DESCRIPTION OF THE TASK: Output every line below as it stands, dropping only the images.

DATA BELOW:
##########
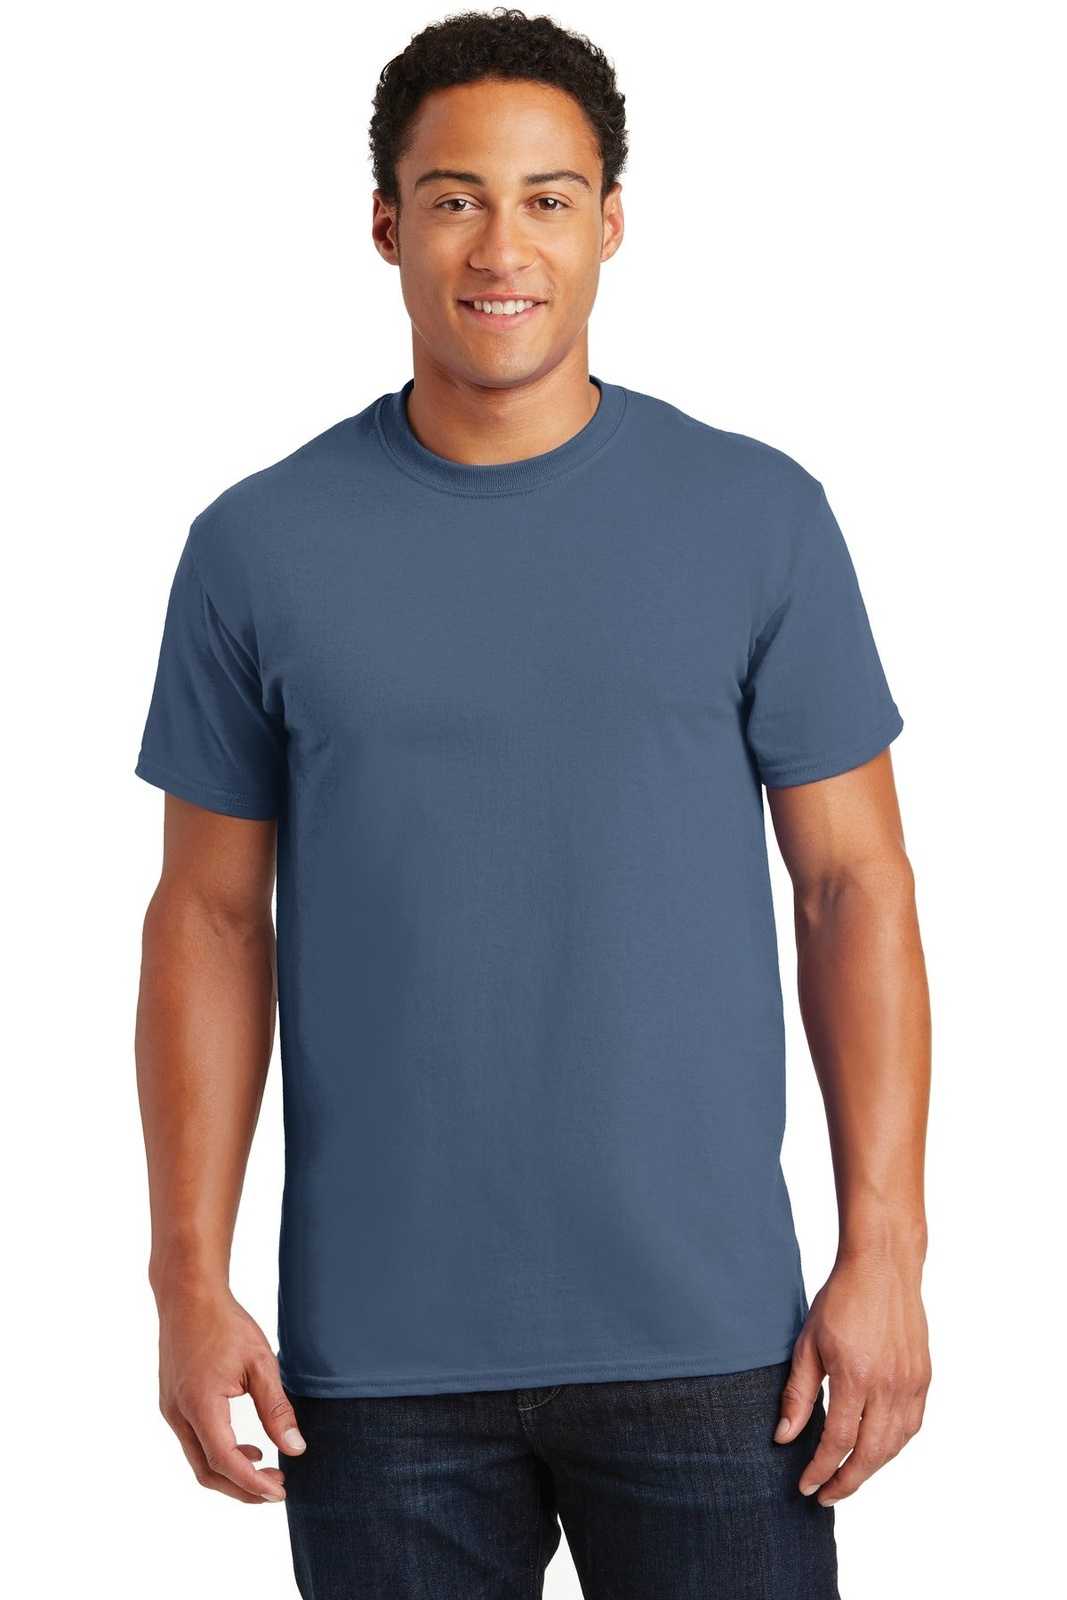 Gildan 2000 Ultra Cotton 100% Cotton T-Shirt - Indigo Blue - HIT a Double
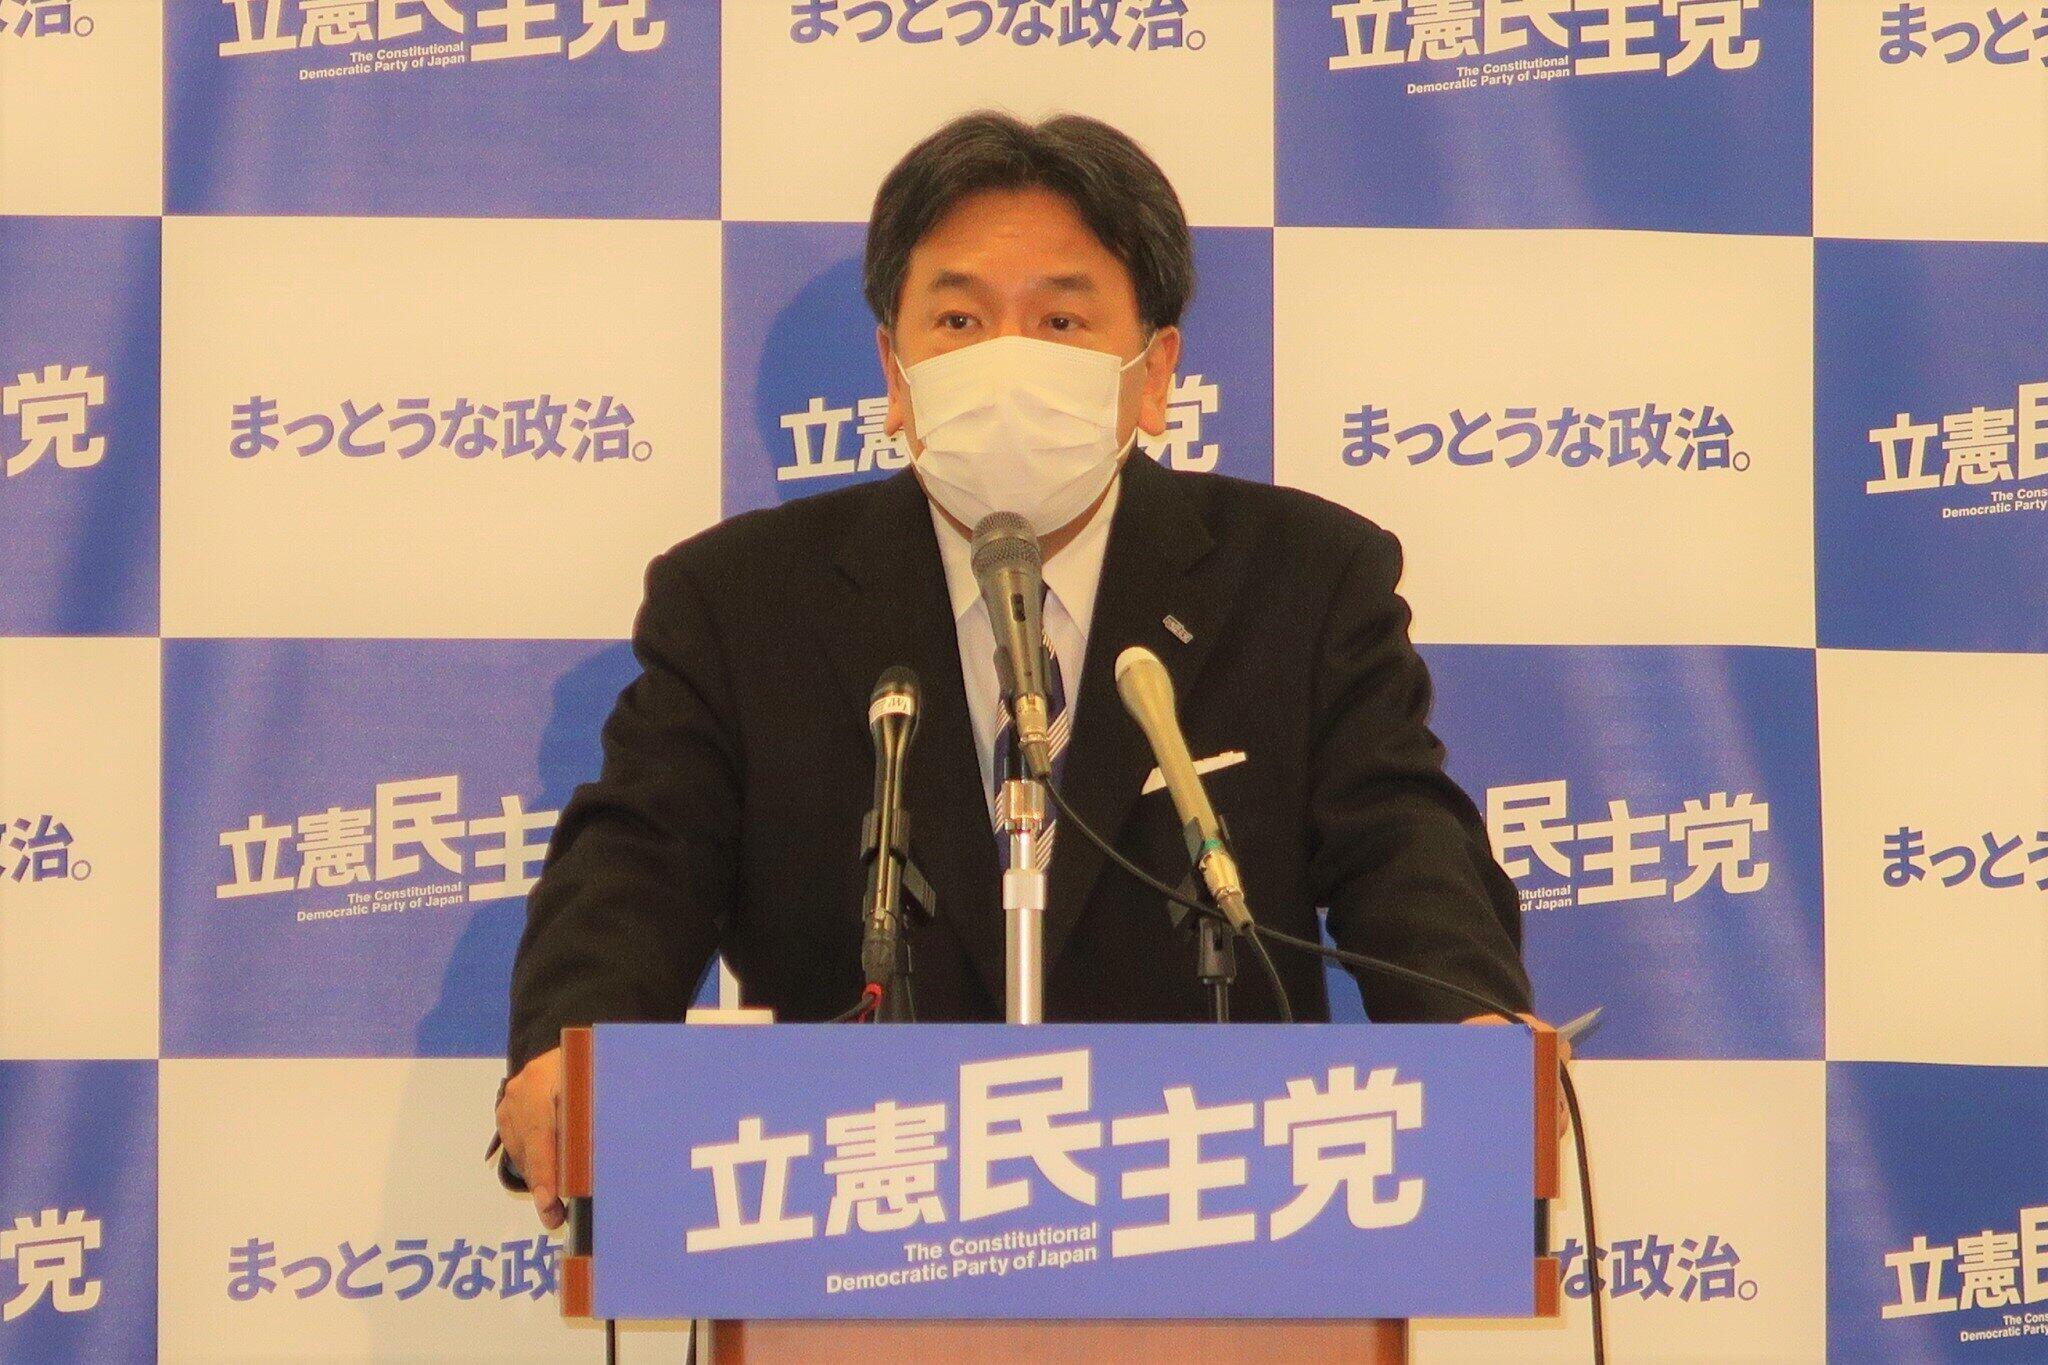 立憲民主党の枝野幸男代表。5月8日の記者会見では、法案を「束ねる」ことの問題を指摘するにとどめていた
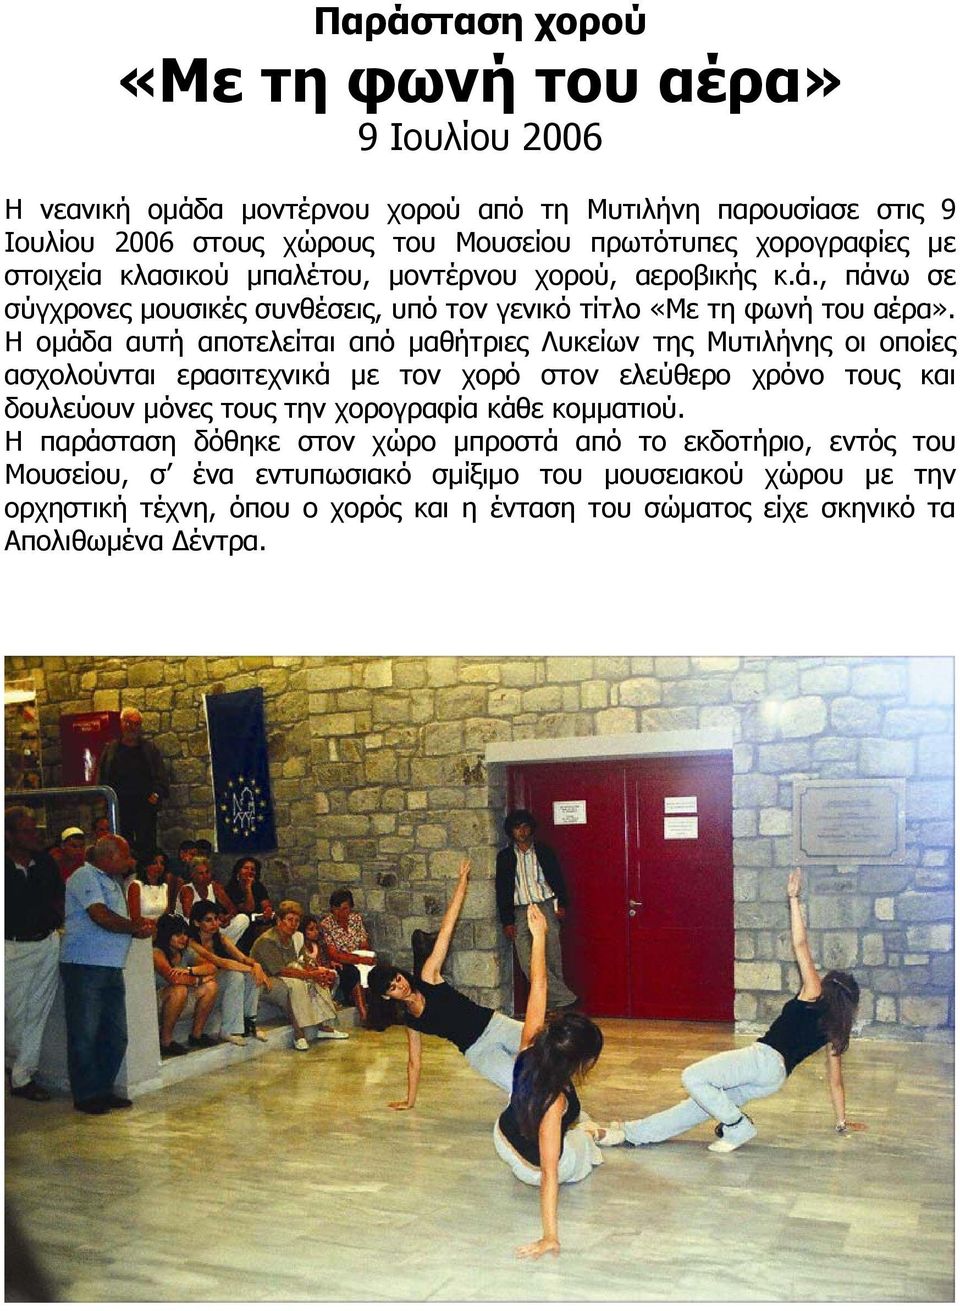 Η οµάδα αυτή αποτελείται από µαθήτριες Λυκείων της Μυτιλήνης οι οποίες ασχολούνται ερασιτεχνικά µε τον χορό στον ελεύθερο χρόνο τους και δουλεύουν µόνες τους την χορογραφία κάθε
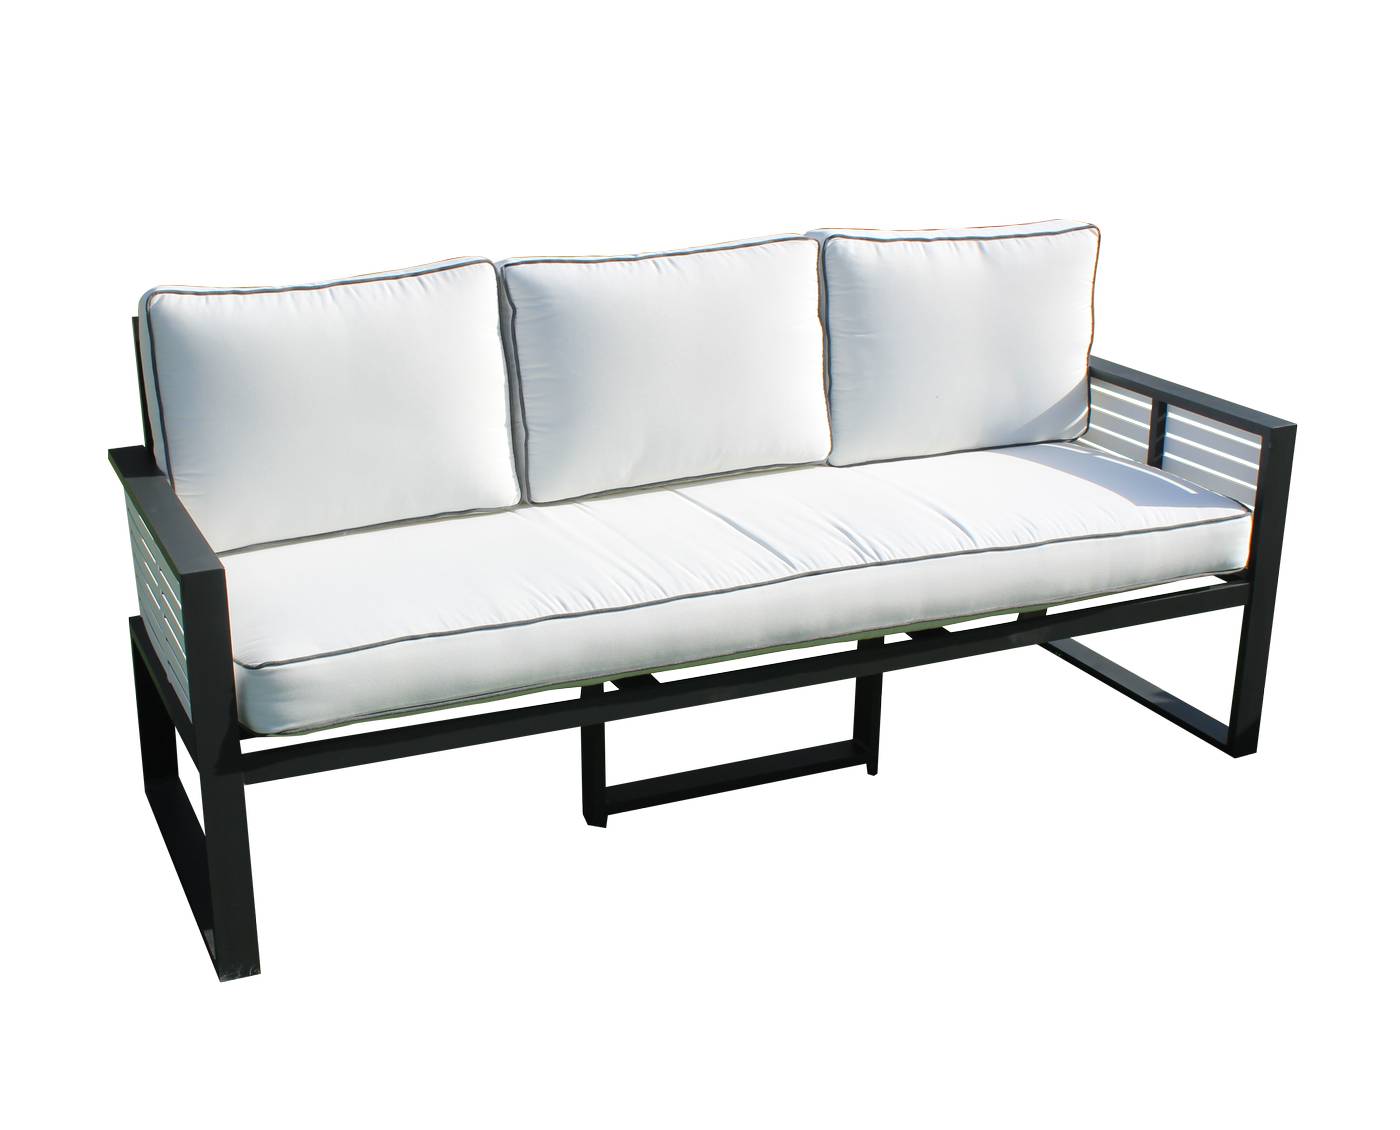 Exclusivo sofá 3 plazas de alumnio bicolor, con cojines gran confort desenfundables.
##########
EXERCISE SOLUTION:
 Gildan 2000 Ultra Cotton 100% Cotton T-Shirt - Indigo Blue - HIT a Double
 立憲民主党の枝野幸男代表。5月8日の記者会見では、法案を「束ねる」ことの問題を指摘するにとどめていた
 Η οµάδα αυτή αποτελείται από µαθήτριες Λυκείων της Μυτιλήνης οι οποίες ασχολούνται ερασιτεχνικά µε τον χορό στον ελεύθερο χρόνο τους και δουλεύουν µόνες τους την χορογραφία κάθε
 Exclusivo sofá 3 plazas de alumnio bicolor, con cojines gran confort desenfundables.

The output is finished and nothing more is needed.